DAVID BRITS ART

I was asked some questions by Design Indaba about the recent capsule collection I did with menswear label Good Good Good. See the full article here and my full answers to their questions below. 

 

As a fine artist, how are you contributing to the Good Good Good collection at the SA Menswear Week?

About three months ago I was approached by Daniel Sher of Good Good Good. He had seen an exhibition of mine that I had recently opened at the Hazard Gallery in Johannesburg. Inspired by the “snake abstract” motifs I was then exploring in screen prints, stained glass sculpture and mural work, he asked me if I would be interested in creating a capsule collection to premier at SA Menswear Week.  I created an all over printed fabric that has been made into shirts, shirts and trousers, created hand-painted fabric for parka jackets, and graphic t-shirts inspired by the life and archive of my late grandfather, one of South Africa’s top snake catchers and reptile experts.

How has your experience working on a clothing line been?

In my years as student at Michaelis School of Fine Art, I was fascinated by the symbolic power of fabric. I made many artworks out of various kinds of material –  particularly the old South African flag  – from things like Apartheid-era army uniforms and vaalkomberse. It has been incredible to pick up on that line of exploration again. I have really enjoyed the process of taking a the “snake abstract” motif and transforming it into something that can be worn, not just hung on a wall. The first time I walked into the factory where the Good Good Good garments are made I was hit by a great feeling of awe and surprise. This was combined with a sudden, deep appreciation and magic affinity for the enormous collaborative process that it takes to produce just one item of clothing. 

Why the snakes? And has it been important for you to establish a strong and recognisable visual language with the snakes?

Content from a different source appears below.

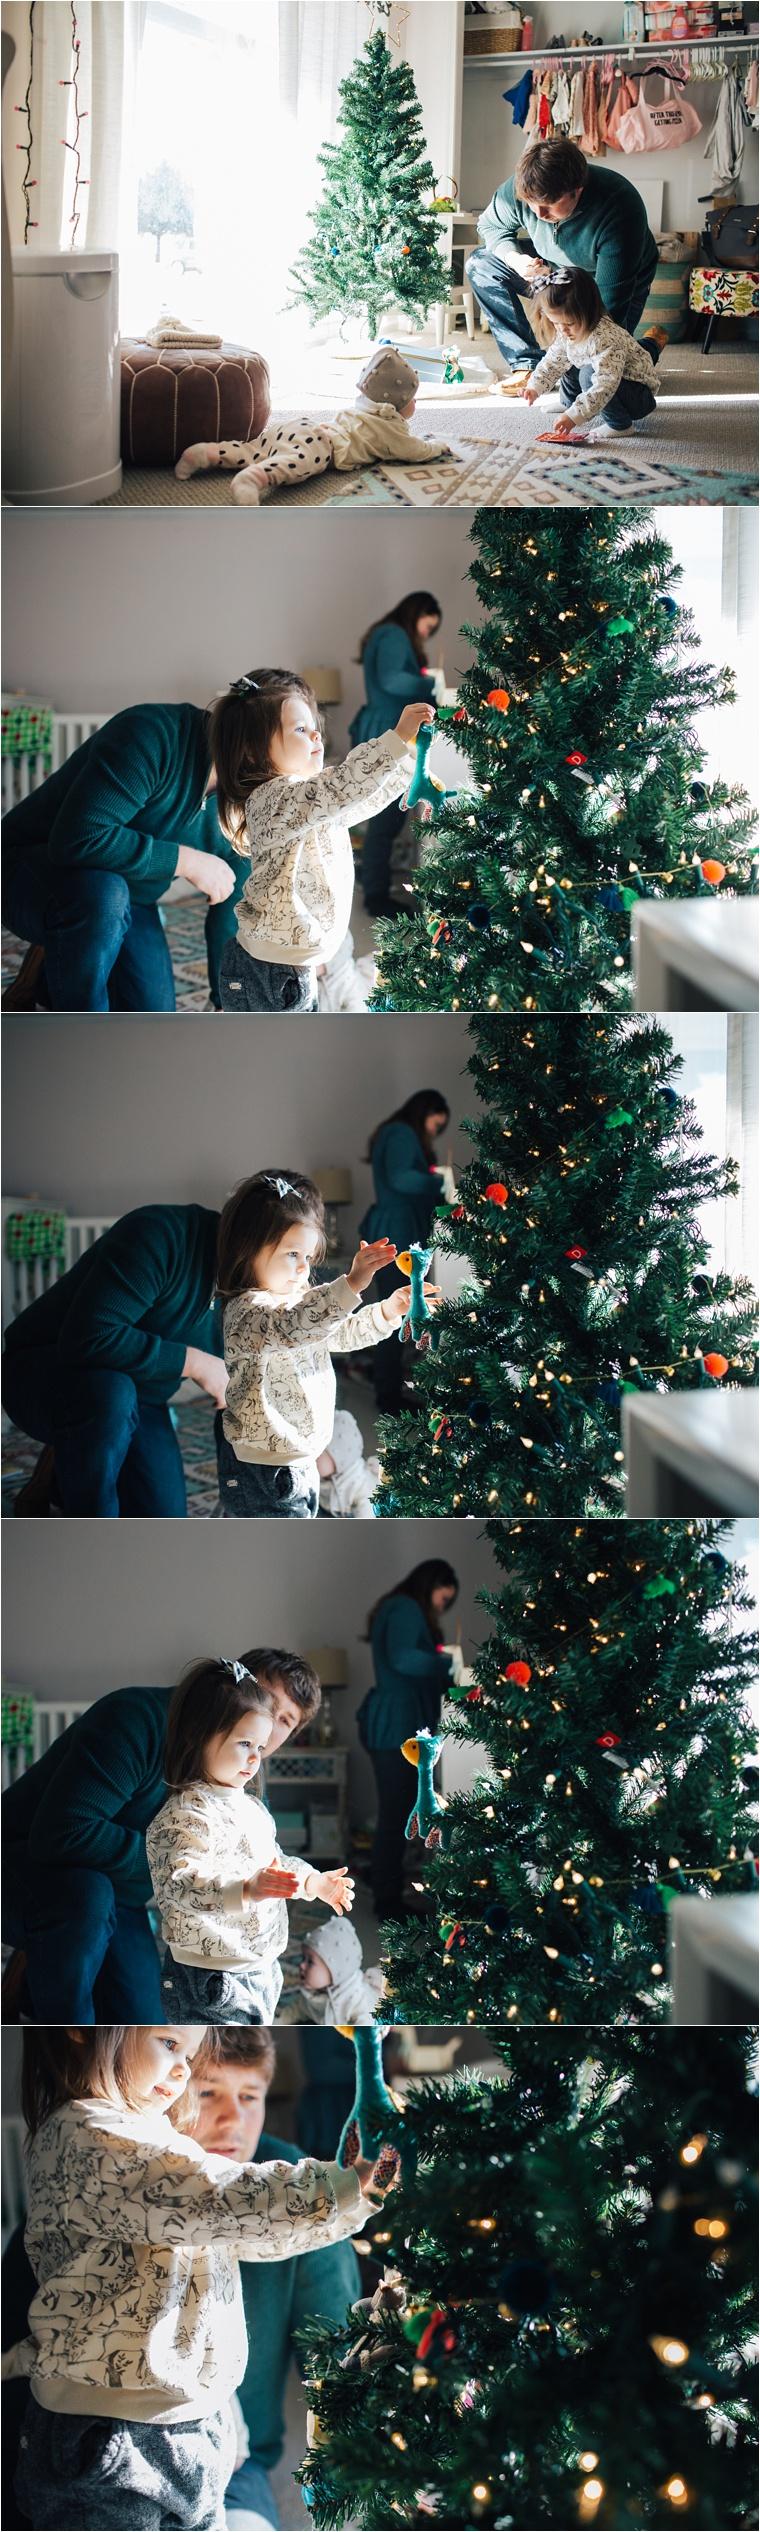 kansascityfamilyphotographer_0207

My grandfather John Wood was one of South Africa’s most prominent reptile experts, snake catchers and snake show-men. Over a period of sixty years he caught thousands of snakes, spiders, scorpions, lizards and frogs for both medical research and the development of snake and spider antivenoms. Wood was a prolific poet, photographer and filmmaker, and shared his great passion for reptiles through these mediums as well as with his traveling snake show, which toured the country from the 1950ies to the 1970ies.

The snake motif was something that first occurred in linocuts for an exhibition that I made in homage to the life of my grandfather held at SMITH Gallery at the end of 2015.

Are you interested/planning on any other themes?

With each creative project that I take on, my methods of working and the appearance of the art naturally alter. This is something that is seldom pre-planned. I am currently working on a series of large-scale sculptures made from carbon fibre. At the end of March this year I will make my debut in theatre as the writer and director of “Song of the Sea”, a musical performance commemorating the 100th year anniversary of the sinking of the SS Mendi. The SS Mendi was a troop carrier in WW1 transporting members of the Native Labour Contingent to Europe, dispatched to aid the Allied war effort on the Western Front. En route to France their ship sank in the English Channel in February 1917, killing 646 of the men on board –  607 black troops, 29 crew and 10 white officers –  the greatest loss of life through accident in South African naval history.